● TASK DESCRIPTION
Copy, please, the line with "Casadei Tiffany Patent" and each line that follows it through the end of the data below, exactly as given and without pictures.

● COLLECTED MATERIAL
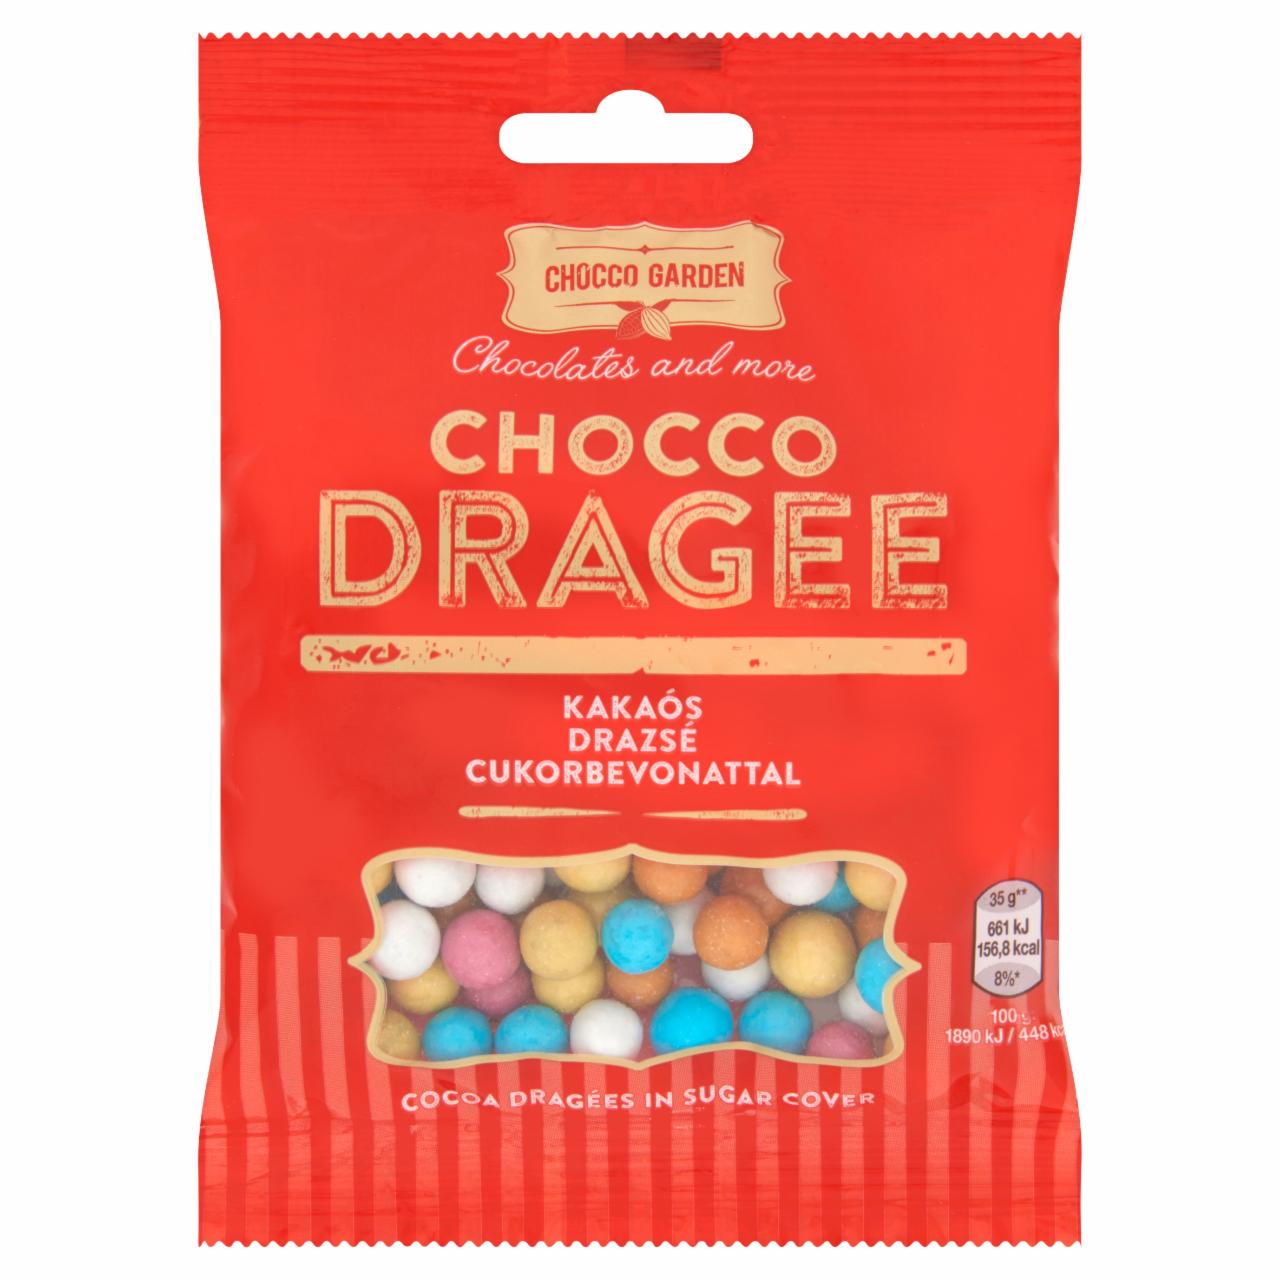 Képek - Chocco Garden Chocco Dragee kakaós drazsé cukorbevonattal 70 g
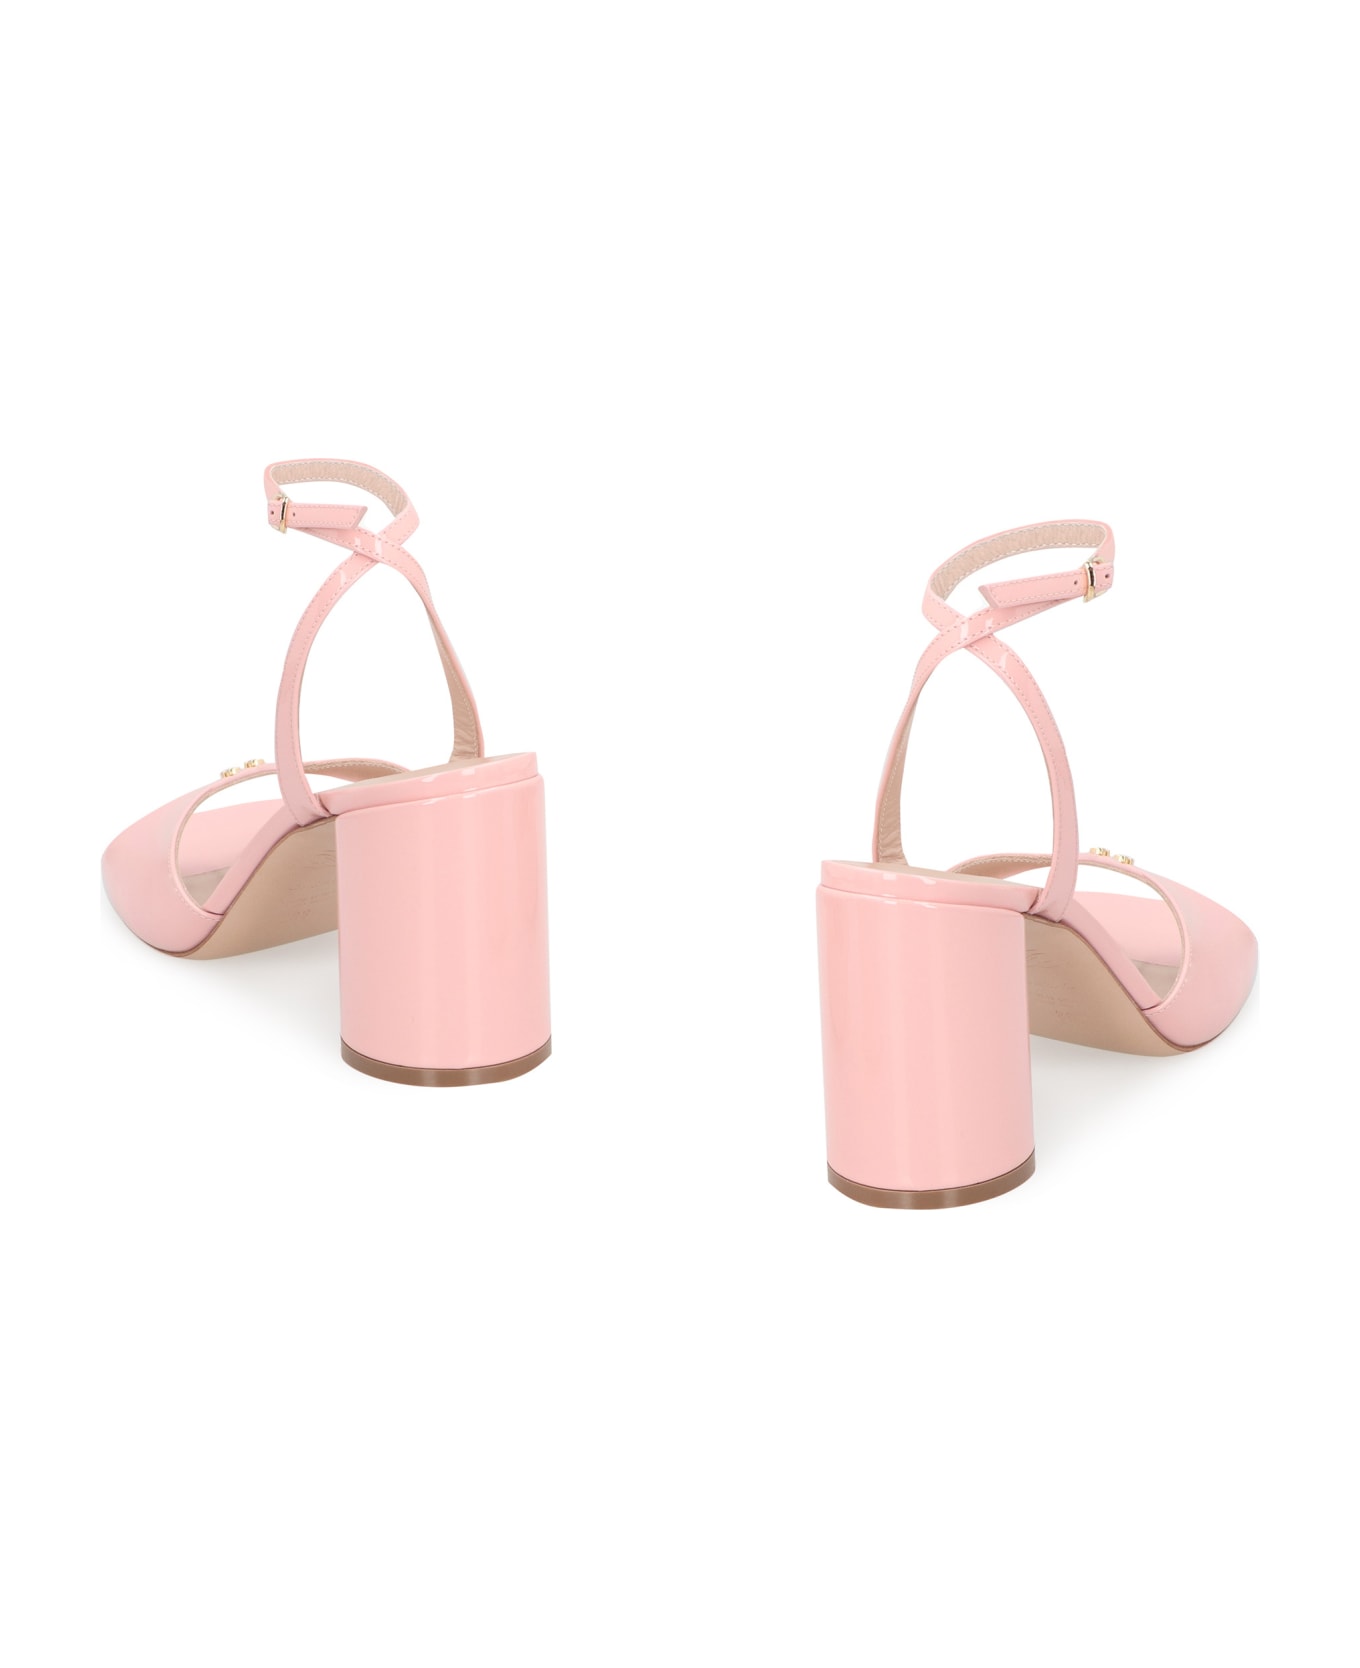 Casadei Tiffany Patent Leather Sandals - Pink サンダル
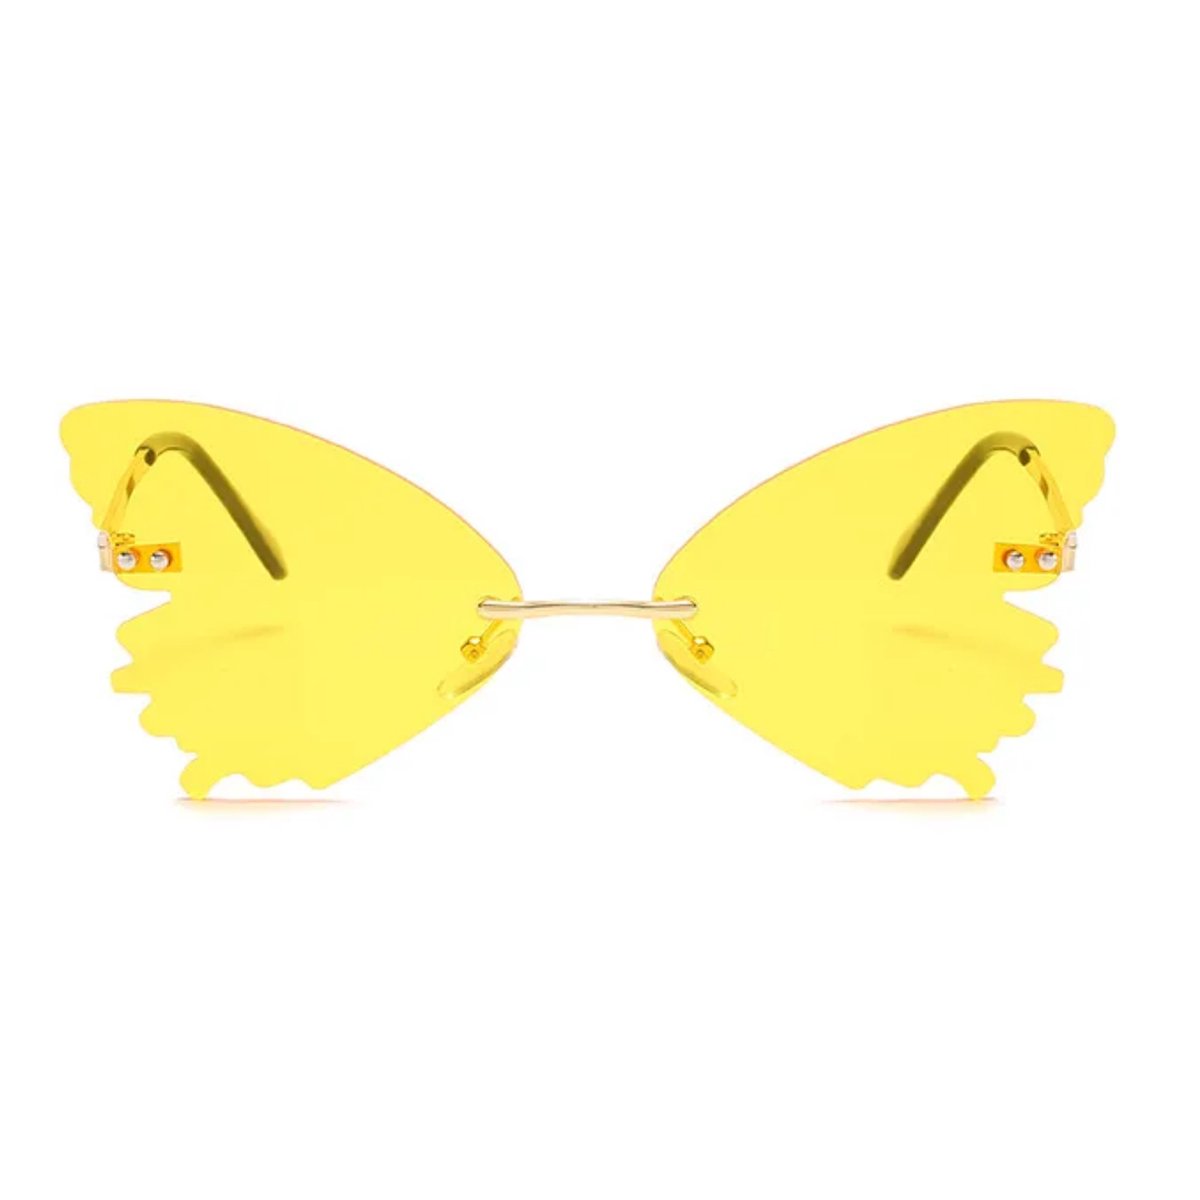 Vlinder zonnebril – 6 kleuren – Retro zonnebril / Festival bril / carnaval bril / accessoires / feest bril / gekke bril / verkleed bril

● EXERCISE RESULT
 Casadei Tiffany Patent Leather Sandals - Pink サンダル
 Vlinder zonnebril – 6 kleuren – Retro zonnebril / Festival bril / carnaval bril / accessoires / feest bril / gekke bril / verkleed bril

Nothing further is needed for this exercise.